Dear fellow Tigers,
Congrats! We've all made it through the winter and to second semester. Another syllabus week is upon us. I'm as excited for this syllabus week as any other sophomore in college. I mean...what's not to love? Short classes, party themes that start with the same letter as the day of the week they are on, and a bunch of free food. As much as I enjoy this glorious week, there are certain things that make me want to rip my hair out.
1. Instagram captions that have the word "sylly" in them
This might be a personal thing but I cannot stand this word. It was a great pun the first hundred times I saw it as a freshman. But c'mon people, it's time to retire this word from social media. Also, it's ten times worse when I hear this word in real life.
2. Professors that keep students for the entire class
They know that 75% of their class is hung over and any information we are given will probably be erased (due to the brain cells we'll kill after the Tequila Tuesday party tonight). But a part of me has to admire their sass.
3. More than one jersey or "shots around the world " theme party in a week
This is another one of those things that got old after freshman year. There is only so many times I can wear a Lakers jersey to a party until I feel like I am disgracing the name of a great sports franchise.
4. Every single seat in class being full
I cannot concentrate with 300 people sniffling all at one – even if the professor is showing us videos of things blowing up.
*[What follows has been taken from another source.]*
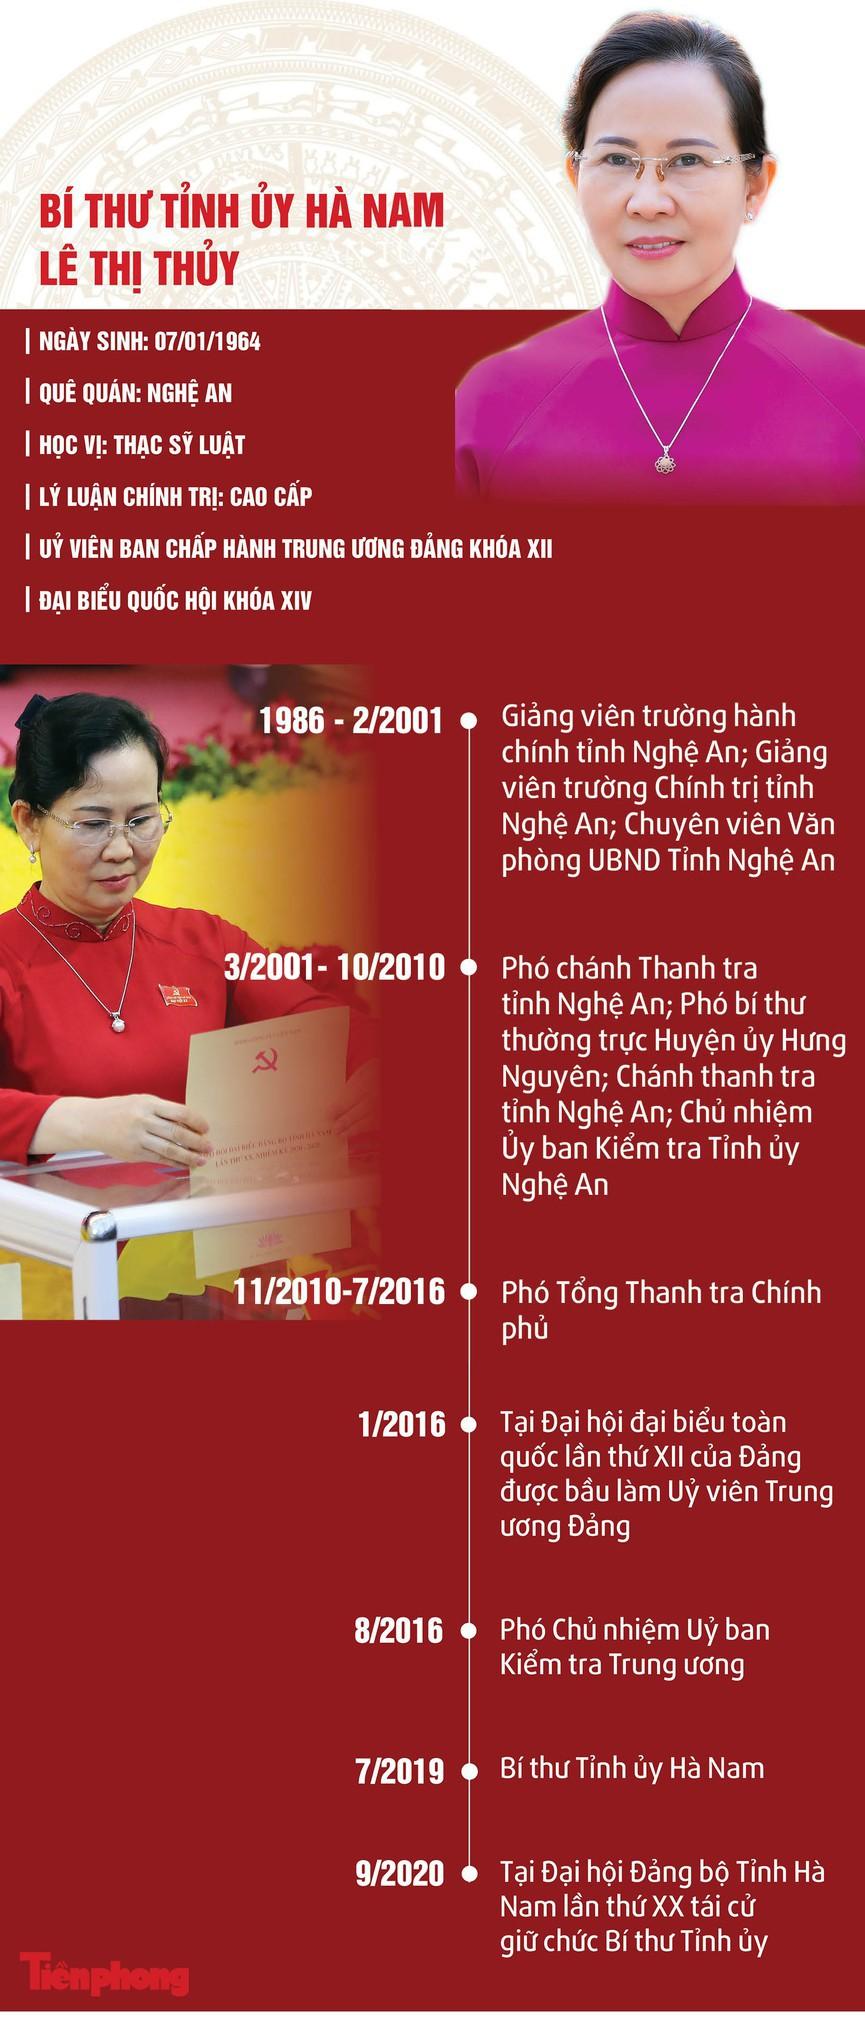 Chân dung Bí thư Tỉnh ủy Hà Nam Lê Thị Thủy ảnh 1
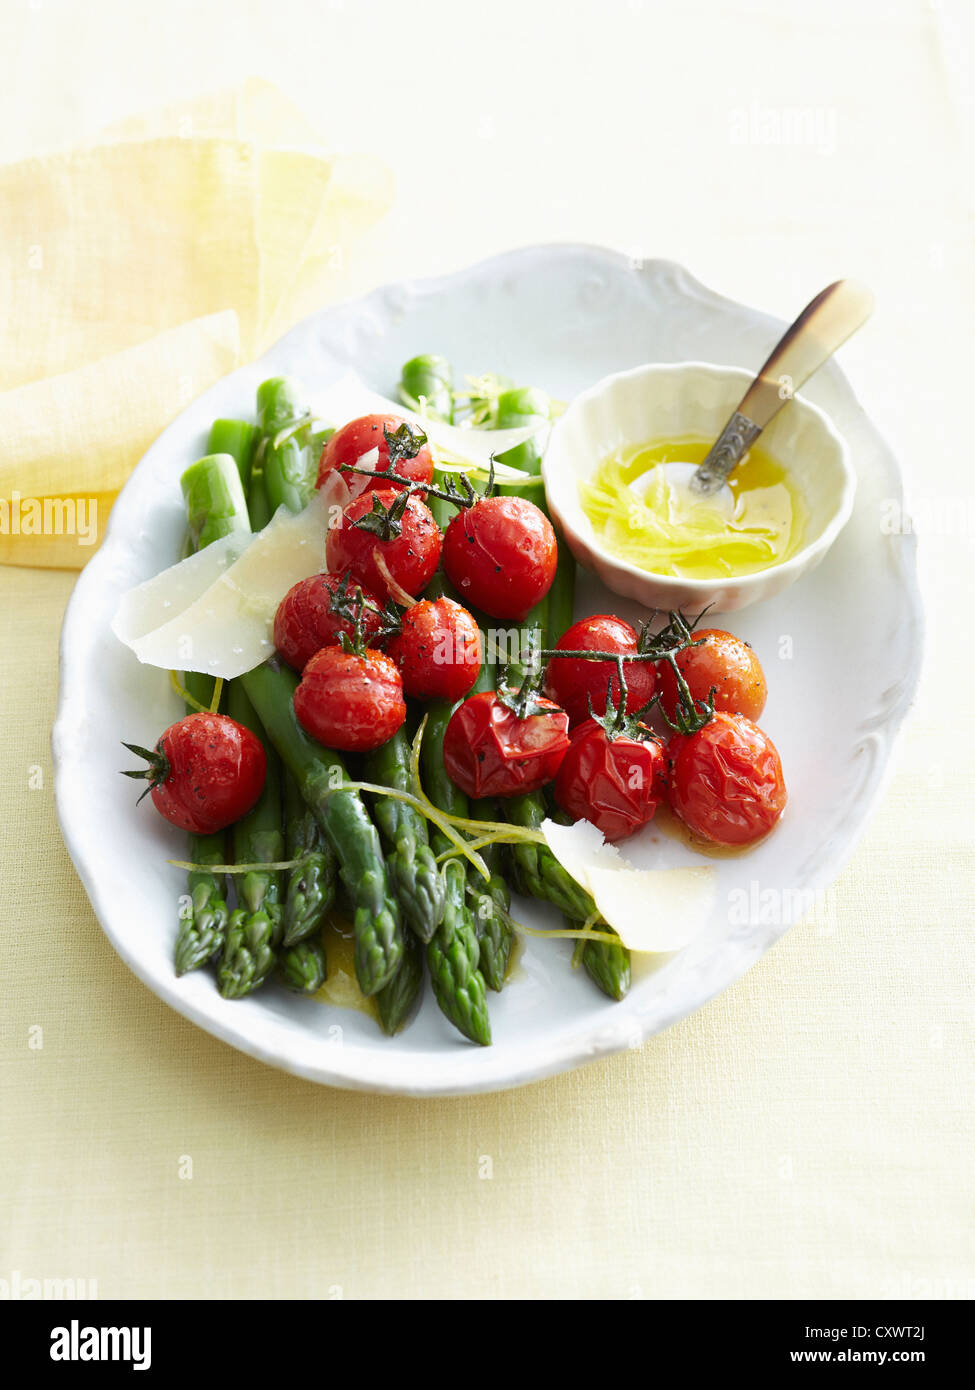 Plato de verduras asadas y mantequilla. Imagen De Stock

Part of me just wants to fast forward two weeks when it's only me and the skater boy who sits two rows behind me attending lectures.
5. The amount of money I spend on late-night food
3 a.m. me and 3 p.m. me have two different appetites. That means I will probably order upwards of five pizzas this week. That being said, I will not be financially or emotionally stable enough to check my bank account next Friday.
6. Professors that don't go over the syllabus the first class
THIS IS WHY IT IS CALLED SYLLABUS WEEK. The odds that I will actually look at the syllabus are the same as the odds that I won't go out tonight. That's zero just to specify.
7. The judgmental looks people who didn't go out the night before give me
Yeah, I'm wearing last night's make-up...so what? At least, I made it to my 8 a.m. You people should be giving me a round of applause instead of a round of eye rolls.
8. Knowing about the tidal wave of work that's going to hit you next week
All those readings and practice quizzes you've been putting off? Those will hit you like a tsunami, my friend.
9. All the pictures you want to upload to Facebook but know you can't
As awesome as that picture of you and the ice luge is, you know that's not something your grandma wants to see. And the last thing you want is a talk from your mom about why she's paying your tuition.
10. The last party on Saturday when you realize syllabus week is over
You'll find me crying in a corner holding a cup. Just pray that my tears don't ruin the taste of my jungle juice.
So enjoy syllabus week while it lasts, Tigers.